Over decades Synthese has published influential papers advancing arguments associated with Bayesianism and critiques thereof, engaging figures such as Bruno de Finetti, Leonard Savage, Harold Jeffreys, and Richard Jeffrey. Seminal contributions have addressed the formalization of scientific explanation building on work by Carl Hempel and Paul Oppenheim, and have contributed to debates over reductionism and emergence connected to Erwin Schrödinger's and John S. Bell's legacies. The journal has presented technical results in modal logic, decision theory, and confirmation theory, drawing on methods developed by Jaakko Hintikka, David Lewis, Robert Stalnaker, Kenneth Arrow, and Derek Parfit. Special issues and symposia have featured exchanges with scholars from National Academy of Sciences, American Philosophical Association, and intellectual projects linked to centers like the Institute for Advanced Study.

Reception and Impact

Synthese is widely cited in literature spanning analytic philosophy and interdisciplinary studies, with citation patterns comparable to those of Philosophy of Science and The Journal of Philosophy. The journal has influenced curricula at departments including Princeton University, University of Cambridge, Brown University, King's College London, and University College London, and figures in bibliographies curated by the Modern Language Association and indexing services like Web of Science and Scopus. Its impact extends to methodological discussions among practitioners at laboratories such as Los Alamos National Laboratory and agencies like NASA where conceptual analysis interfaces with scientific practice.

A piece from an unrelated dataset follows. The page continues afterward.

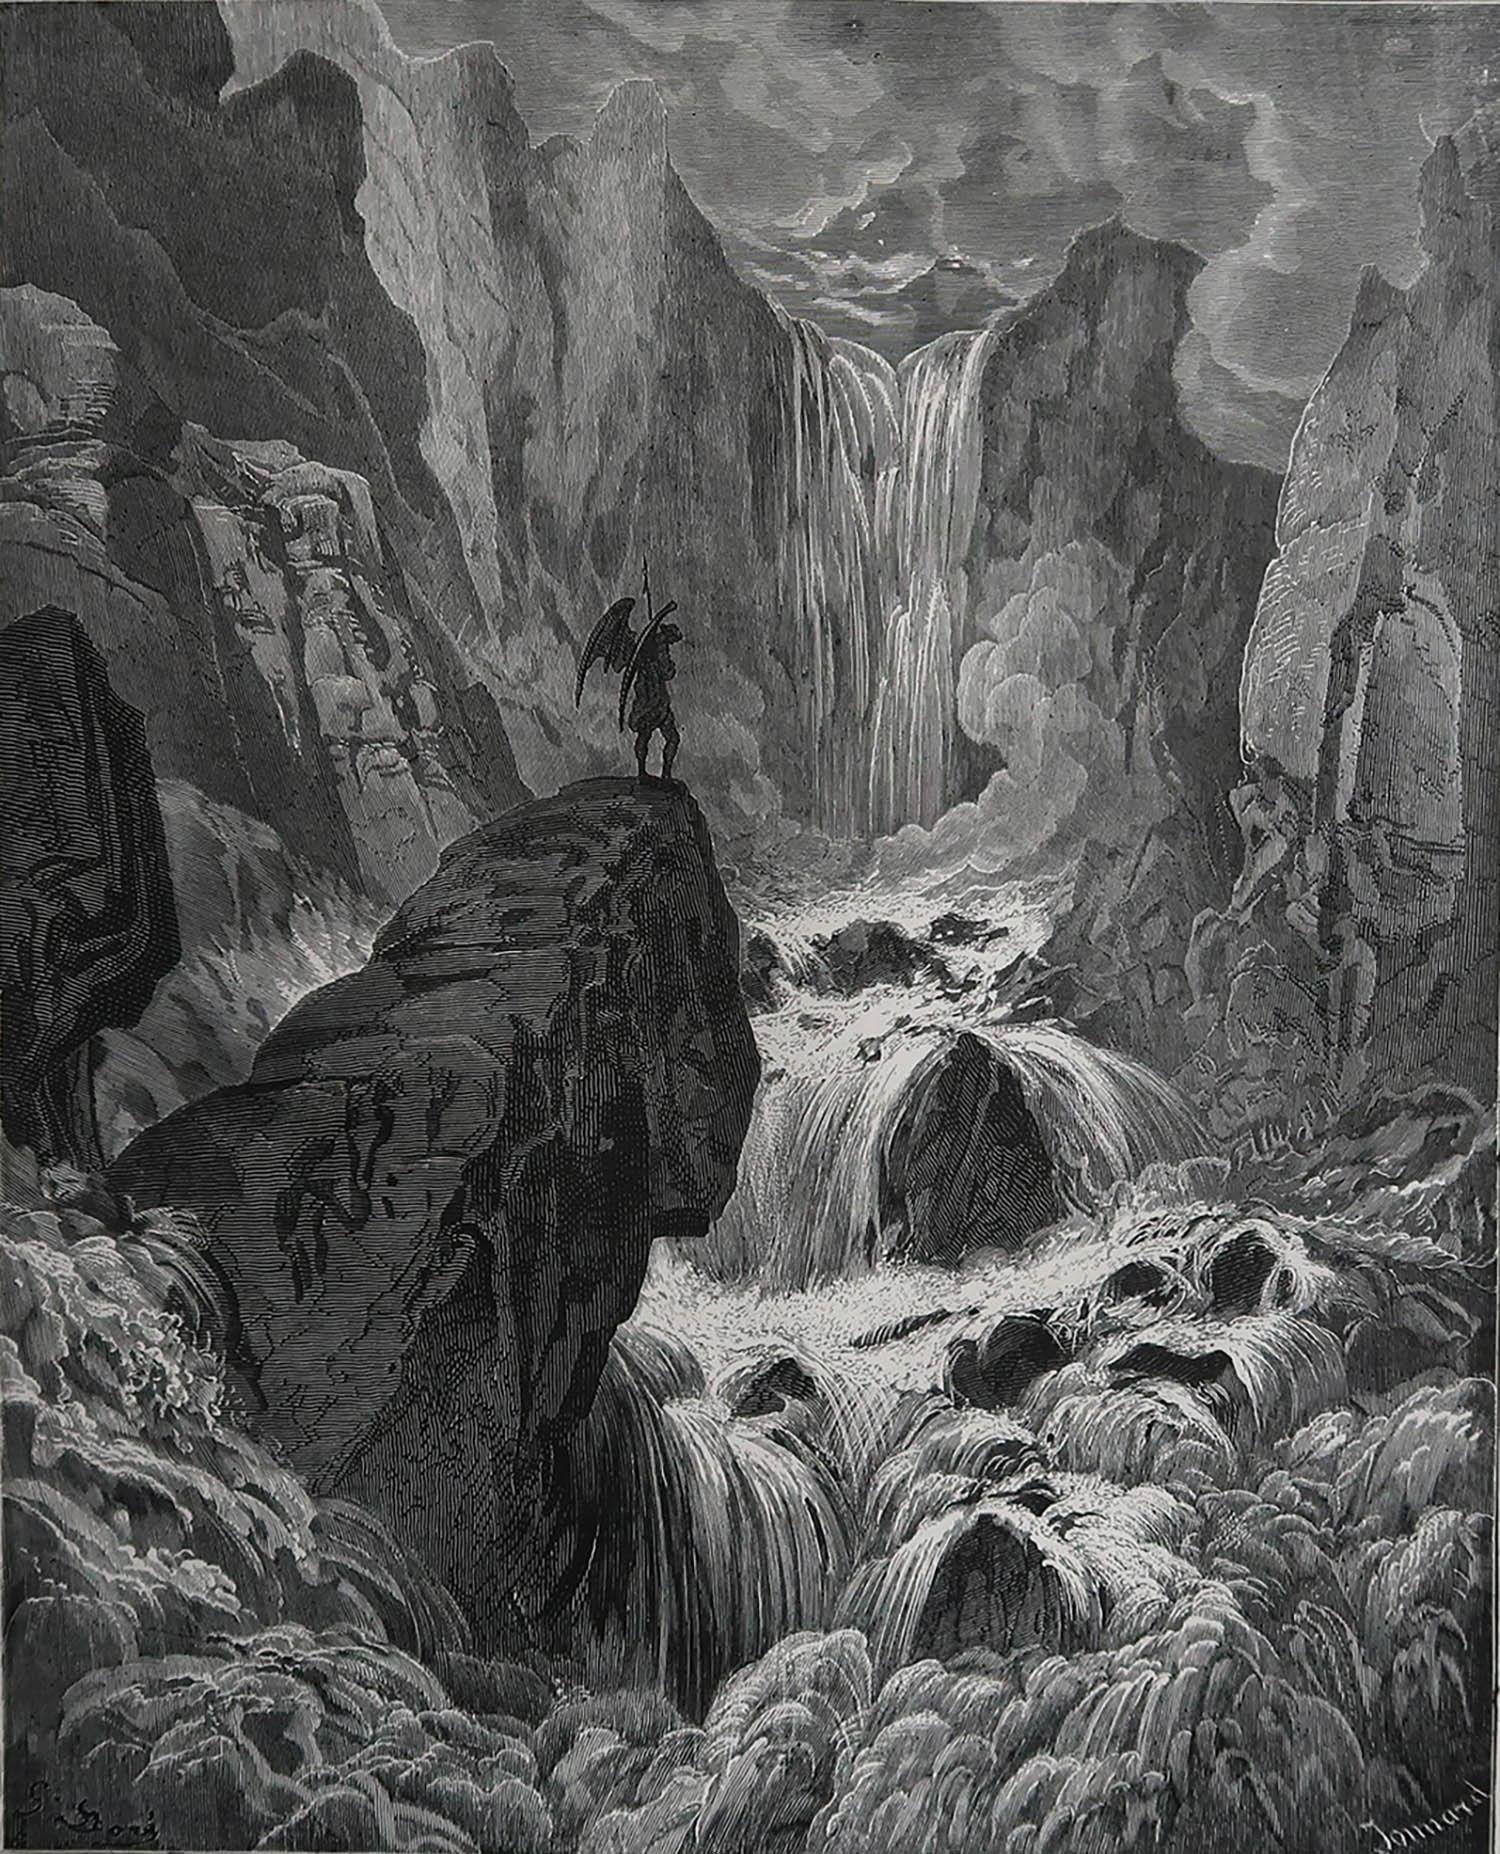 Sensational image by Gustave Doré

Originally an illustration for JohnMilton's

Controversies and Criticism

Synthese has been subject to controversies familiar to scholarly publishing: debates over editorial decisions, charges about peer review transparency, and disputes over special-issue guest editors drawn from networks including European Research Council and national funding bodies. Critics associated with factions around Feyerabend and Paul Feyerabend-style pluralism as well as proponents of reform in academic publishing tied to Open Access advocacy and groups like the Scholarly Publishing and Academic Resources Coalition have called for changes. Some commentators linked to departments at University of Oxford and McGill University have critiqued perceived emphases on formal methods versus historical or sociological approaches endorsed by scholars at Harvard University and University of Pennsylvania.